Exercise requirements ▸
No pictures, please. Copy exactly the lines from the one with "The Academy Brand Volley Short Black" through the final line below.

-- Information supplied follows --

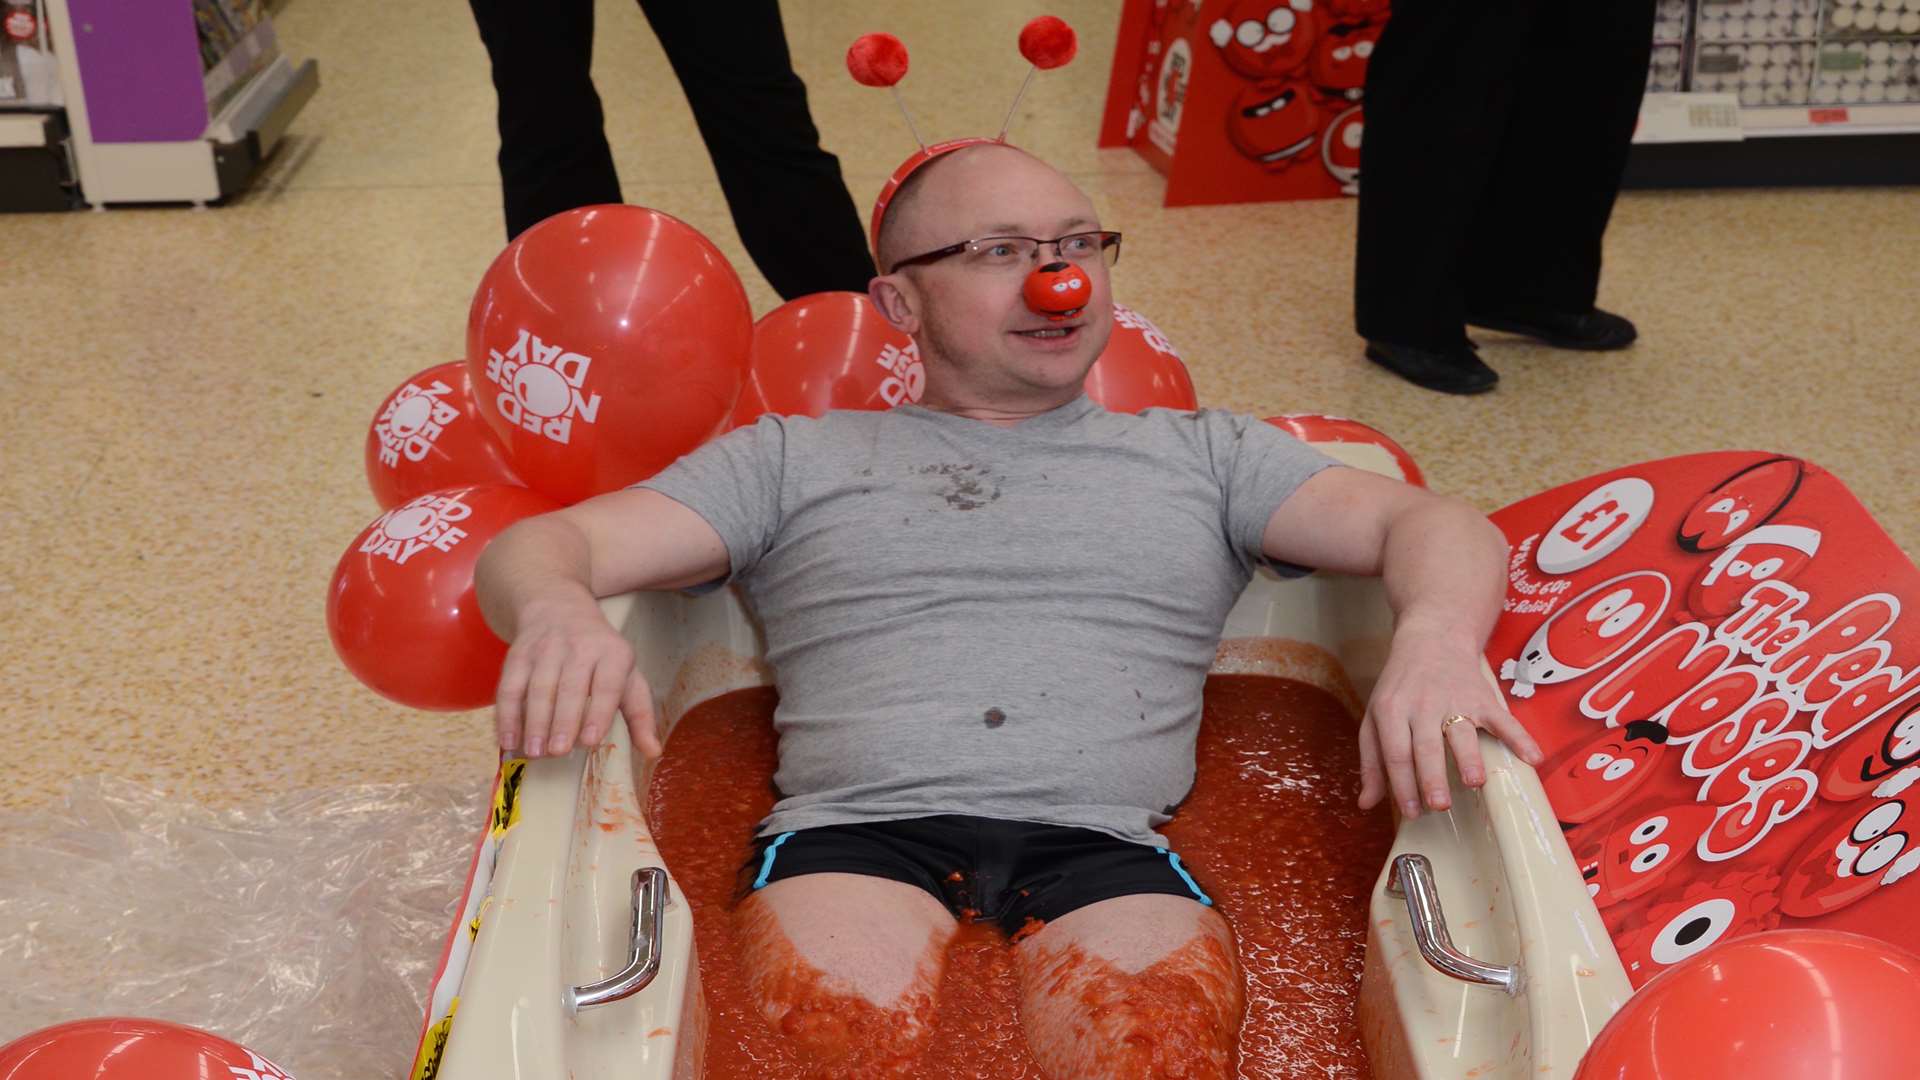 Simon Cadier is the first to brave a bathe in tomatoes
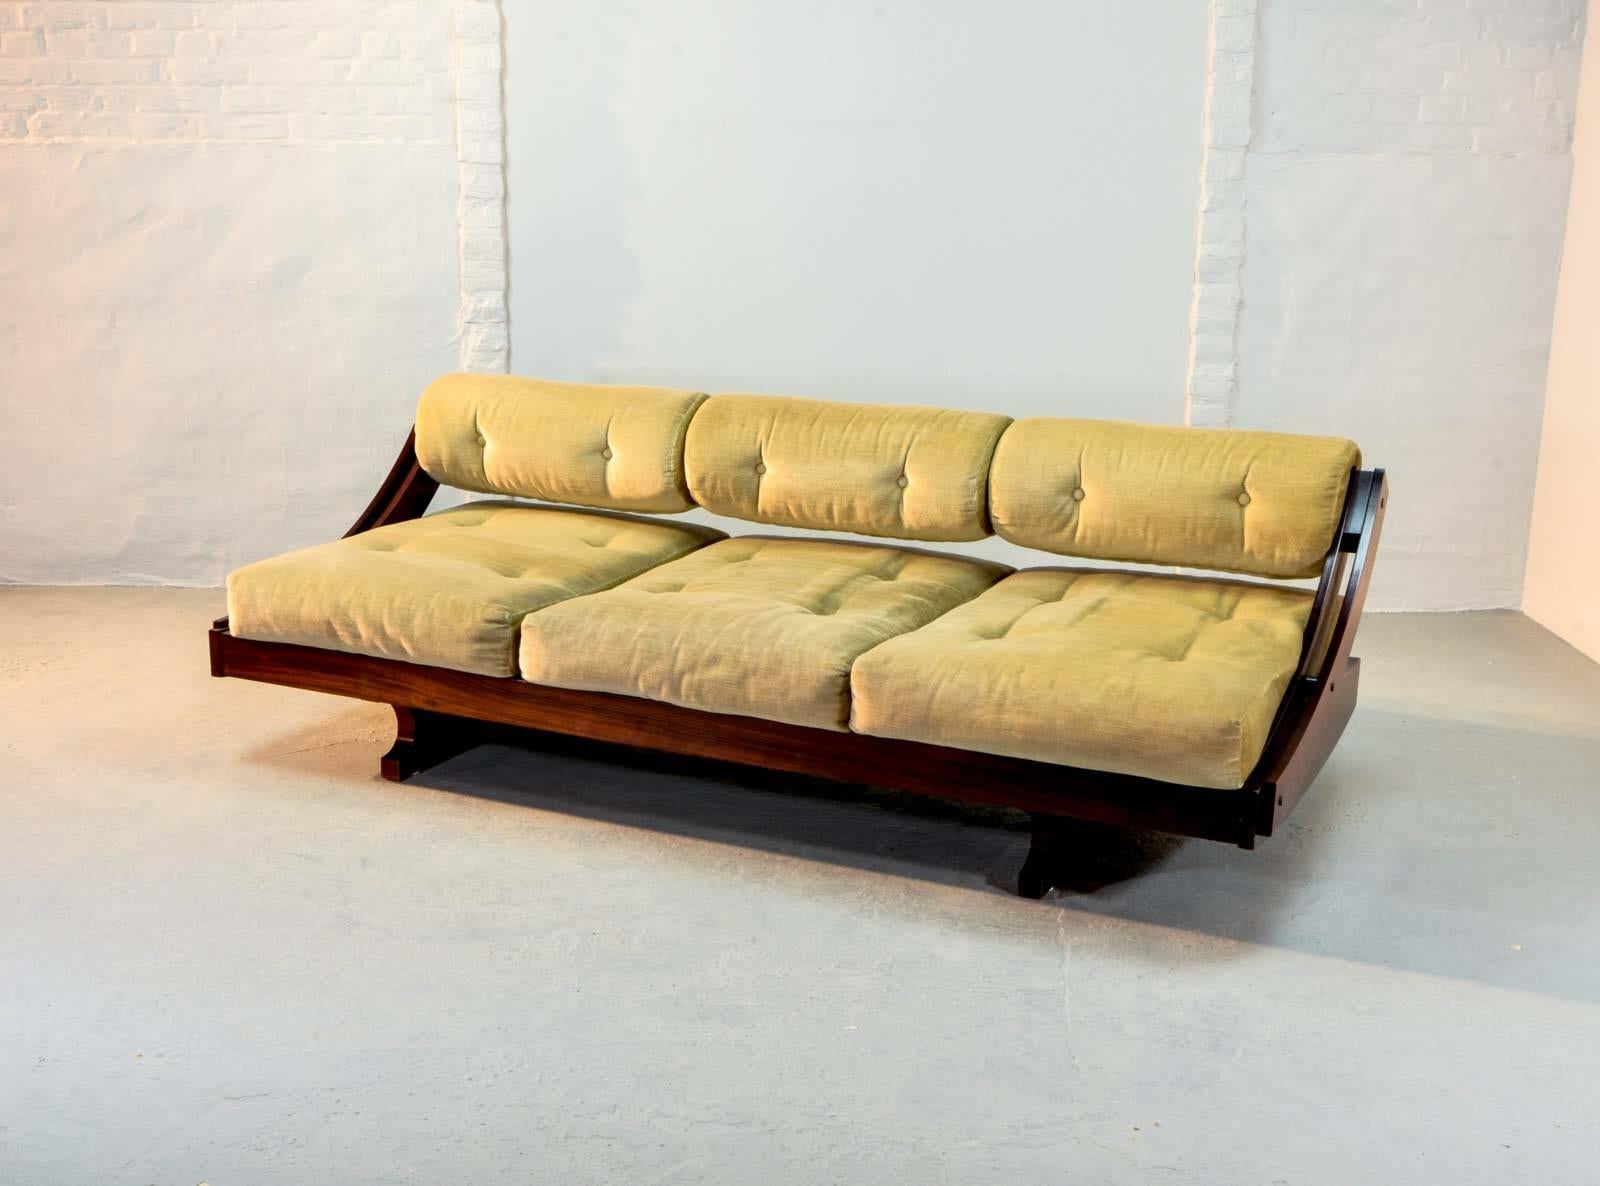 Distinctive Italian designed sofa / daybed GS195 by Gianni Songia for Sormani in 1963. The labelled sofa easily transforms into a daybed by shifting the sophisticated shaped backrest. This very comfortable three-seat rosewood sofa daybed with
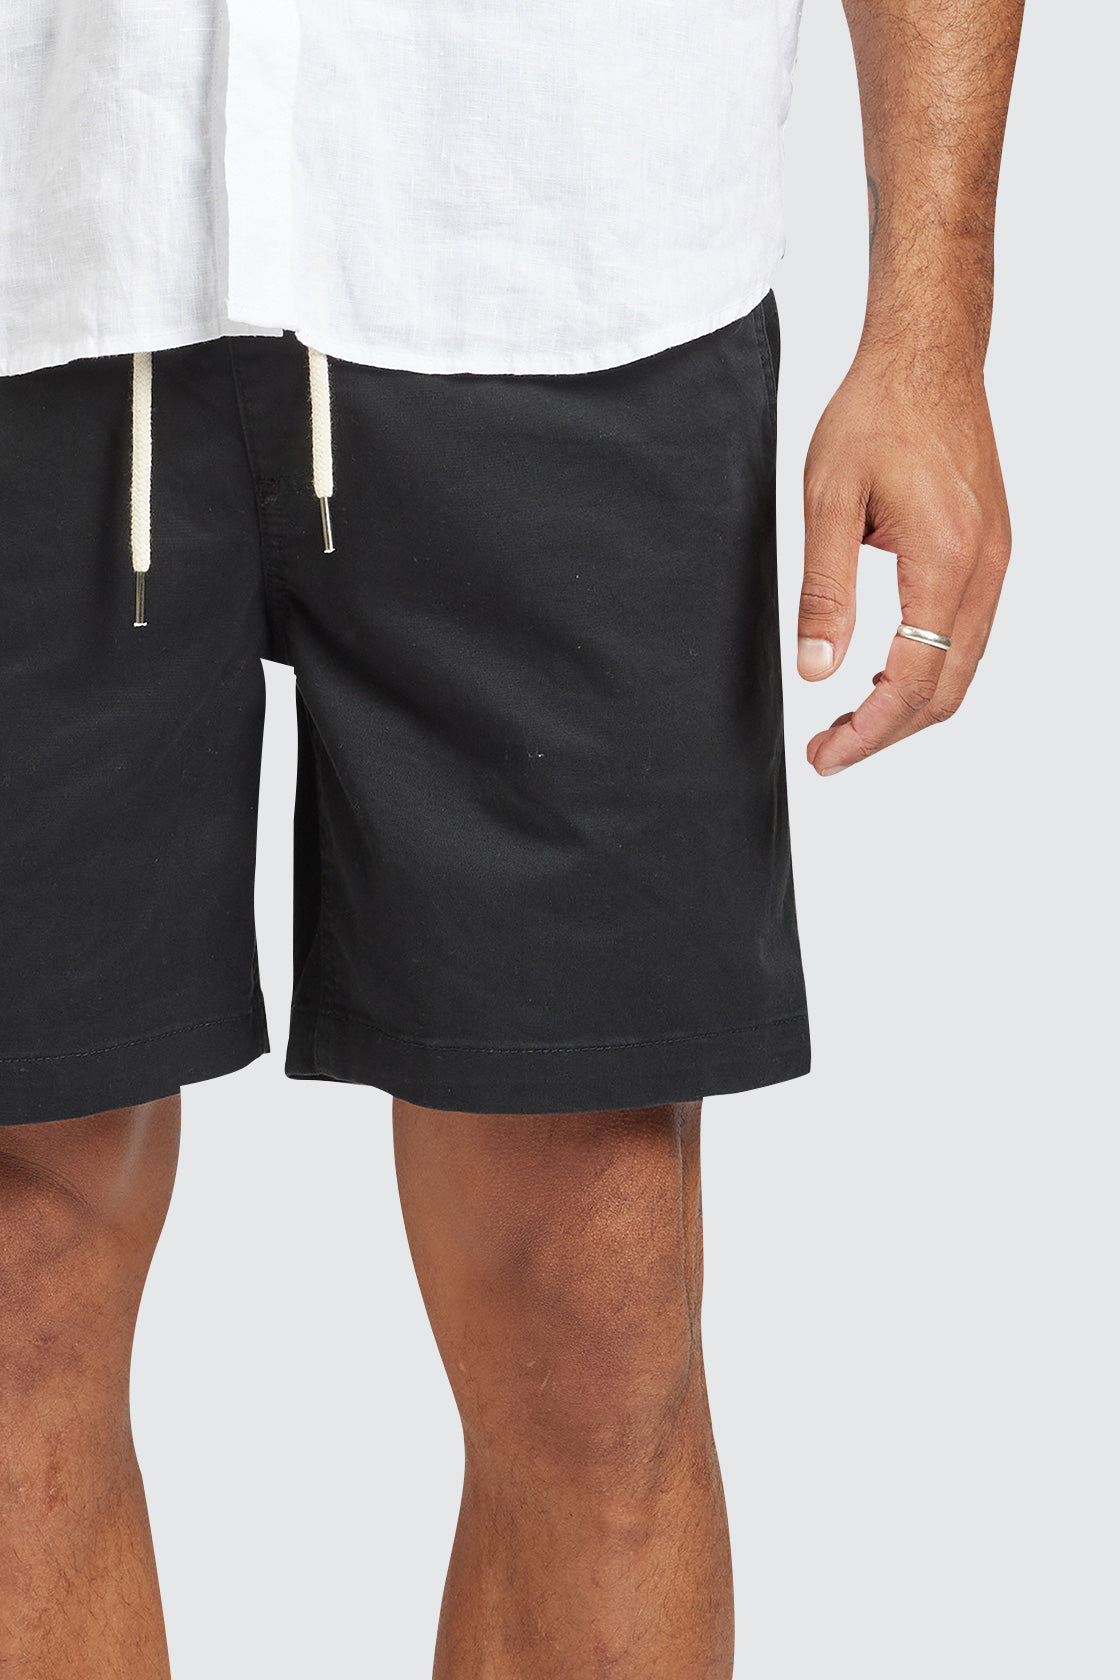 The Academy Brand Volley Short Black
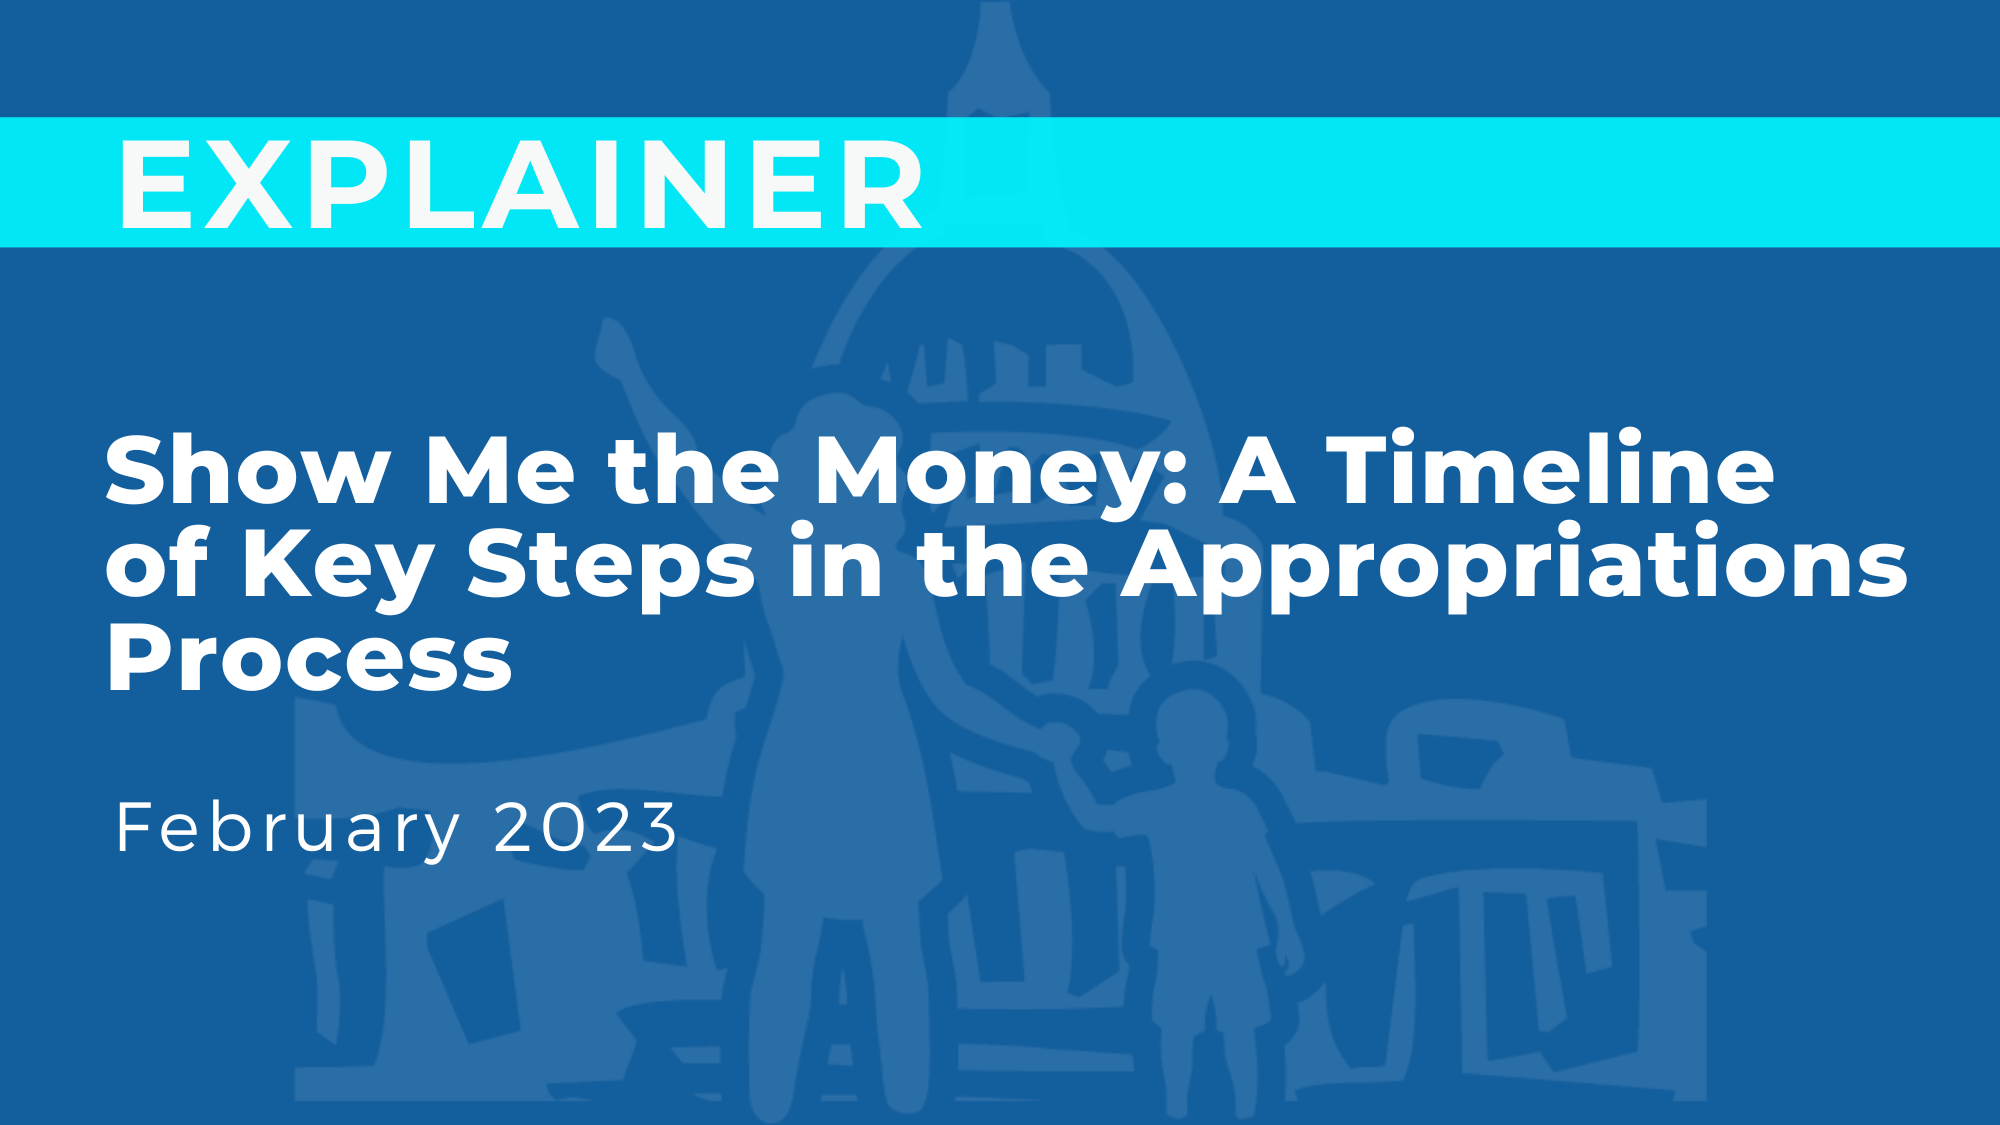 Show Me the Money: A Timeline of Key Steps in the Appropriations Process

-- Information supplied concluded --

Response below ▸
 The Academy Brand Volley Short Black
 Show Me the Money: A Timeline of Key Steps in the Appropriations Process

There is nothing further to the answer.